Mostly innocuous details made public as of this writing. The US readout said Biden affirmed Israel’s right to protect itself from Hezbollah, a global terror group with the stated goal to annihilate Israel and Jews around the world. It also emphasized the Biden-Harris position of the imperative for a diplomatic agreement between Israel and Hezbollah that would allow civilians on both sides of the border to return to their homes. This is shocking because not only did Hezbollah fail to honor the terms of The United Nations Security Council Resolution 1701 of 2006 under the nose of UN “peacekeepers,” Hezbollah grew to the terrorist superpower that it became. Biden proudly claims of having known all Israeli Prime Ministers for decades. It is too bad he doesn’t heed Golda Meir’s truism that you cannot negotiate with people sworn to murder you.
Biden also apparently stressed “the need to minimize harm to civilians, in particular in the densely populated areas of Beirut.” There is seemingly no recognition that Israel seeks to minimize civilian casualties while ignoring that the civilian deaths in Lebanon and Gaza, and perhaps soon in Iran. All are all a direct consequence of the terrorists immorally and illegally using civilians as human shields, while firing tens of thousands of missiles, rockets, and drones at Israeli cities, deliberately to maximize civilian casualties.

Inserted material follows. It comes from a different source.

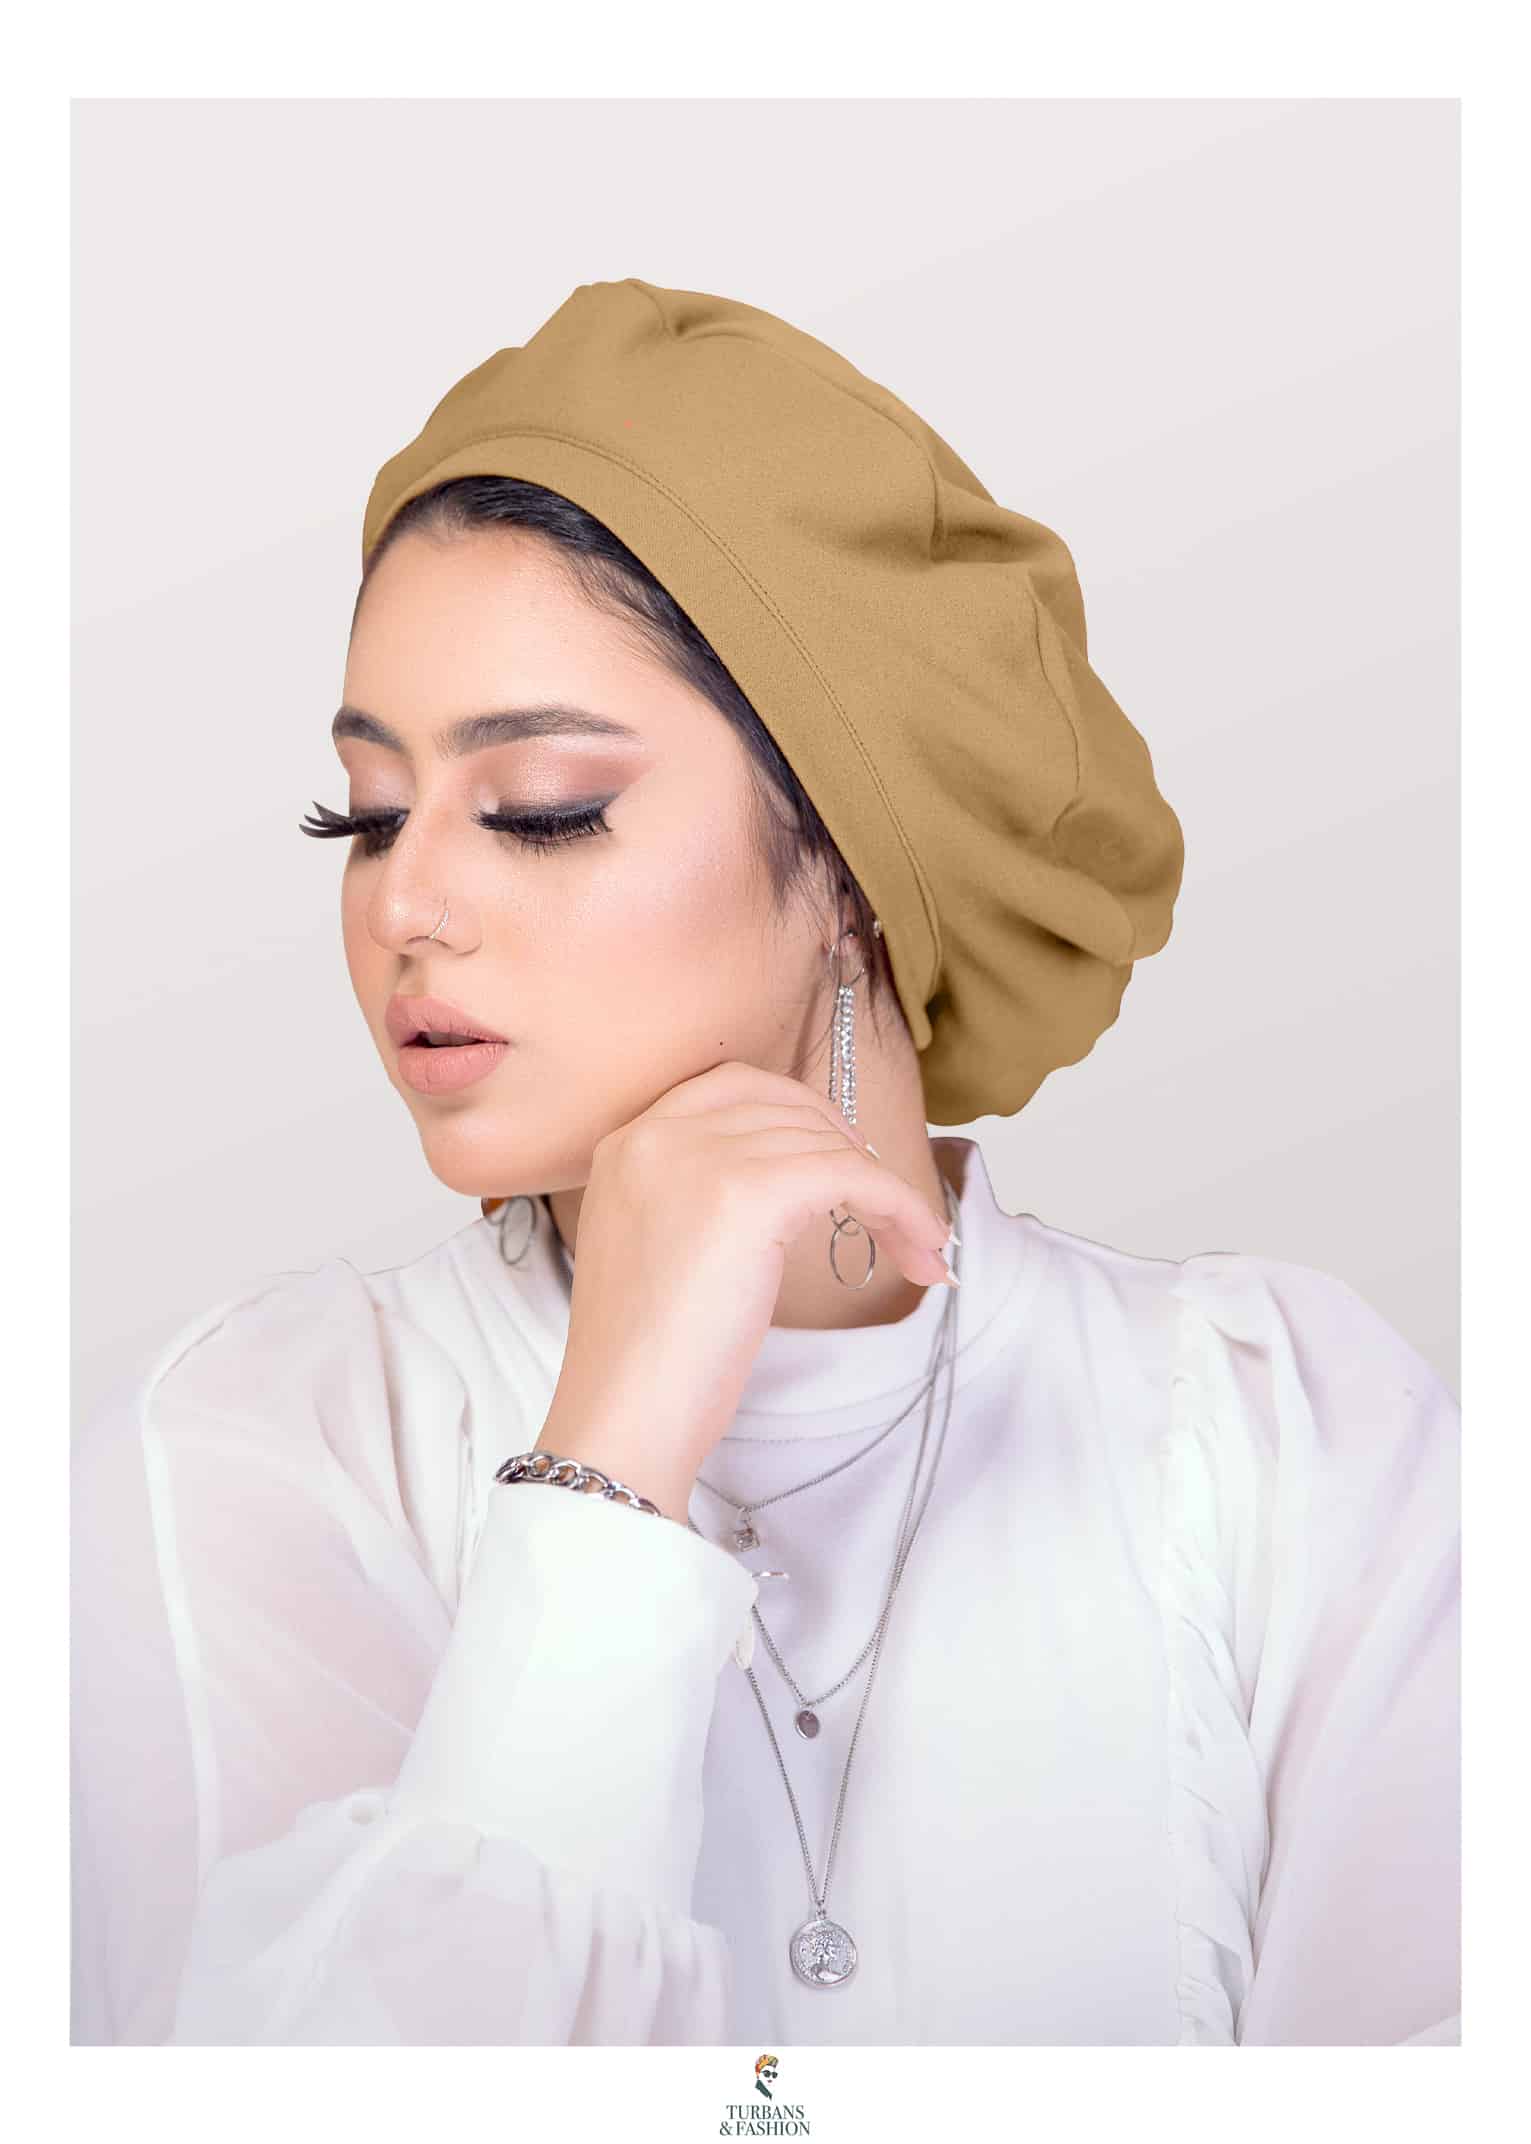 Women’s Casual Light Weight Beret in Soft Crepe Fabric  Effortless Turban and Head Gear

Following the Biden-Netanyahu call, State Department spokesman Matthew Miller said the US supports Israel’s “limited ground incursions” inside Lebanon, but does not want Israel to extend deeper into Lebanon, to the core of Hezbollah’s military capabilities and its leadership. As expressed, “We are cognizant of the long history of Israel, starting with limited ground operations in Lebanon, turning those into more full-scale ground operations, turning those into occupation, something that we are very clear we are opposed to.”
Israelis are the last ones who want the consequences of a more long-term and deeper operation against Hezbollah (especially me, as my son may be called into service there by the time you read this), it is a self-defeating military strategy not to win through decisive victory.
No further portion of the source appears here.